Chau was imprisoned in Macau’s Coloane Prison last December on charges of illegal gambling, criminal association, fraud and money laundering. During a recent session before the city’s Court of First Instance, prosecutor Lai U Hou introduced a number of conversations and text messages that seem to implicate Chau in placing the bets.
According to Inside Asian Gaming, Chau acknowledged the existence of multiplier bets, but said he had no part in them.
On the stand, Chau asserted his innocence. “What I was handling was regulating the credit and monitoring the risks,” he said. “I took no part in the interests related to multiplier activities.
“We found out there was betting under the table and that it was happening in all the VIP halls and the halls of the concessionaires in Macau. Usually when a customer was betting under the table, there would be many people around him.”
He added, “There would be law enforcement officers who would come to the scene to evict customers or ask them if they were involved in betting under the table, but betting under the table is a promise made verbally between the gambler and the junket. Whether the verbal promise is a cash transaction or not, whether it is legal or not, I am not a legal person and cannot answer that.”

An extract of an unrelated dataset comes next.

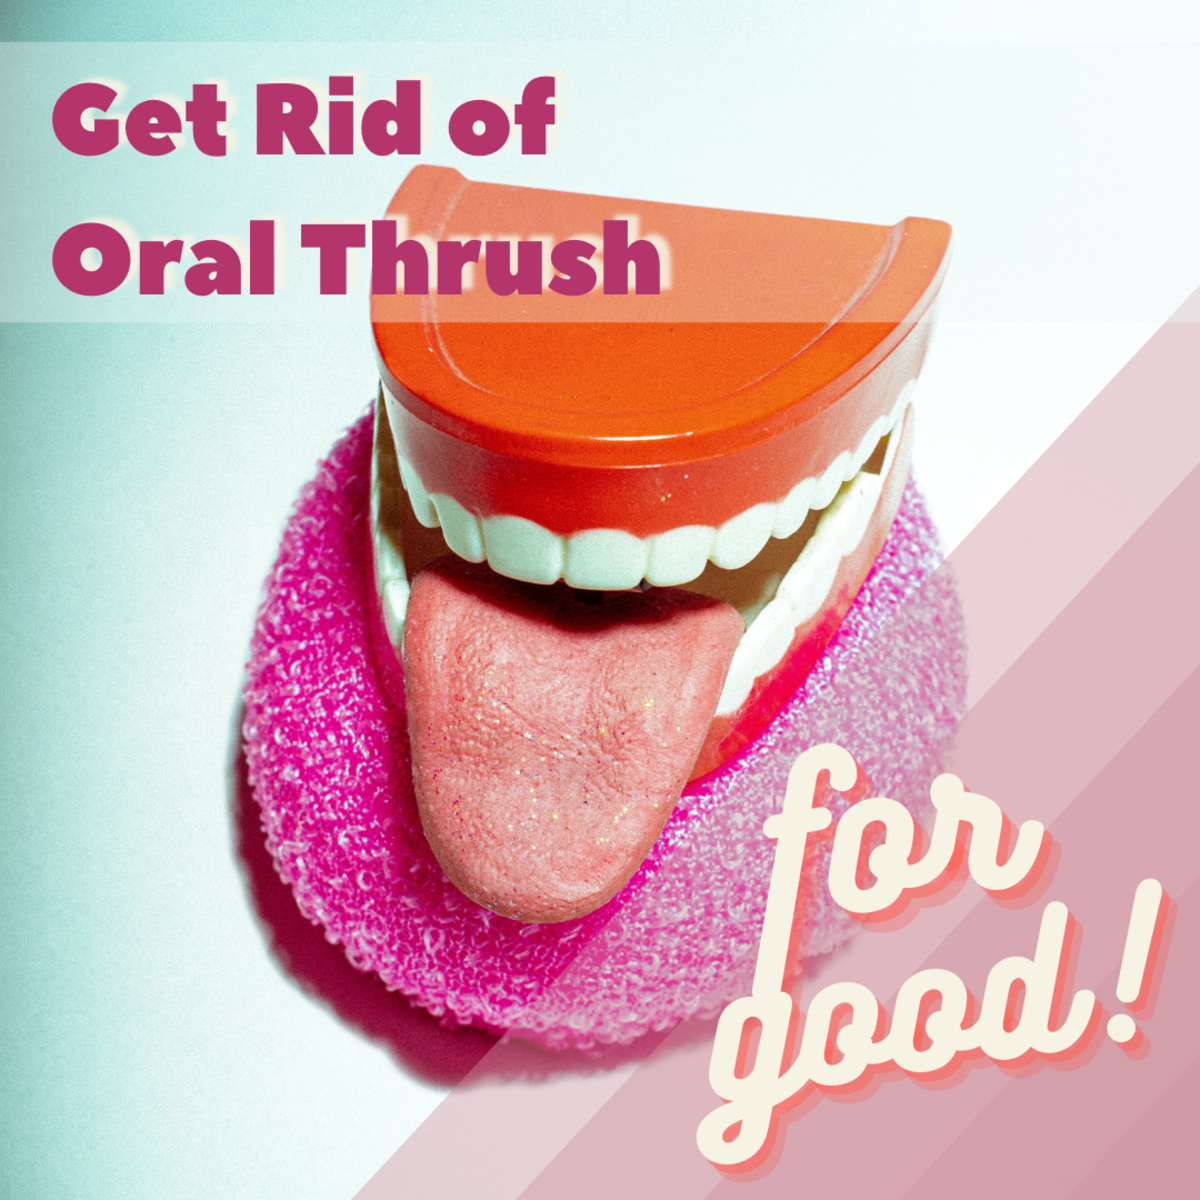 9 Methods for How to Battle Oral Thrush
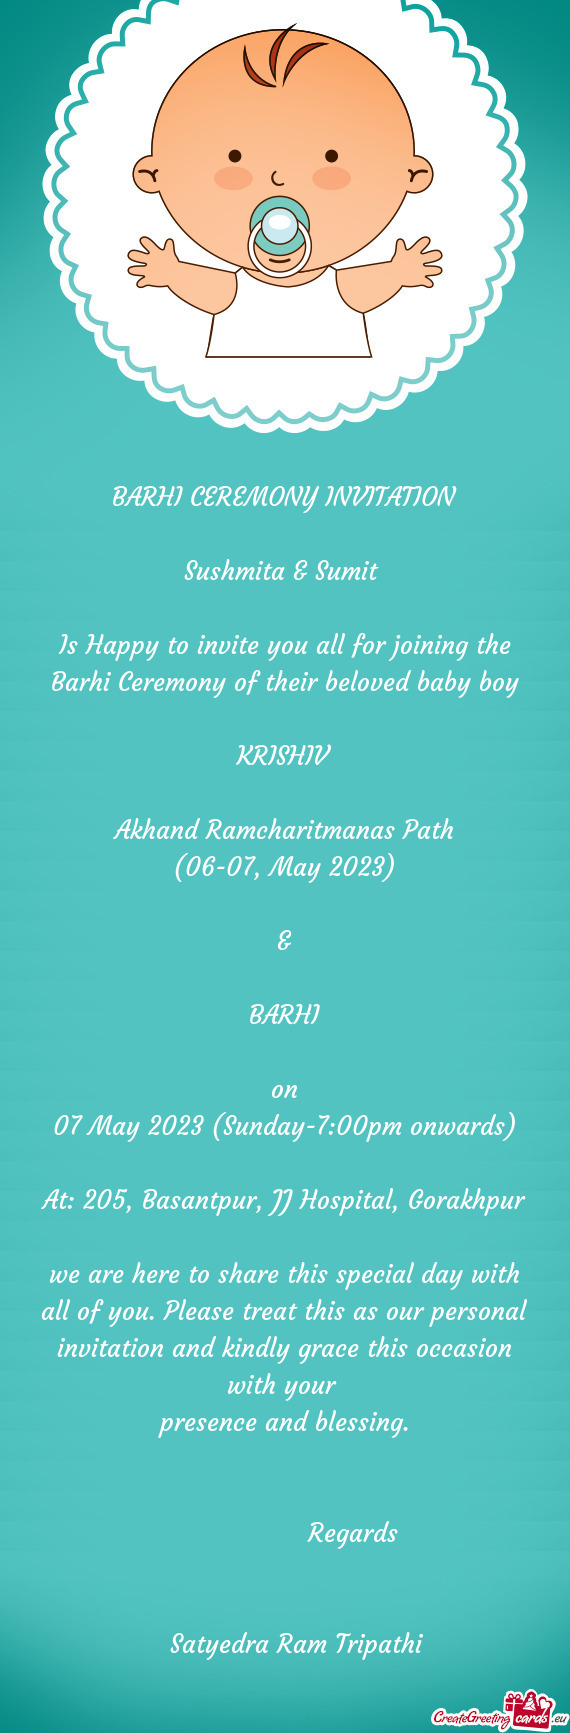 Is Happy to invite you all for joining the Barhi Ceremony of their beloved baby boy

Chau said he was “not involved in gambling (with customers), and I am not familiar with gambling,” and said he only ran a junket.
Later in the week, however, a former Suncity IT executive testified that the company did indeed track multiplier bets via a computer program.
Ali Celestino—one of 21 defendants charged in the case—had been vice president of Suncity Group’s IT department, according to documentation accessed by GGRAsia. Celestino said the system was already in place when he was hired and had been developed by Cheong Chi Kin, another junket rep who did not work for Suncity.
The evidence in the case is more than 10,000 pages long, and the witness list includes the names of more than 100 people.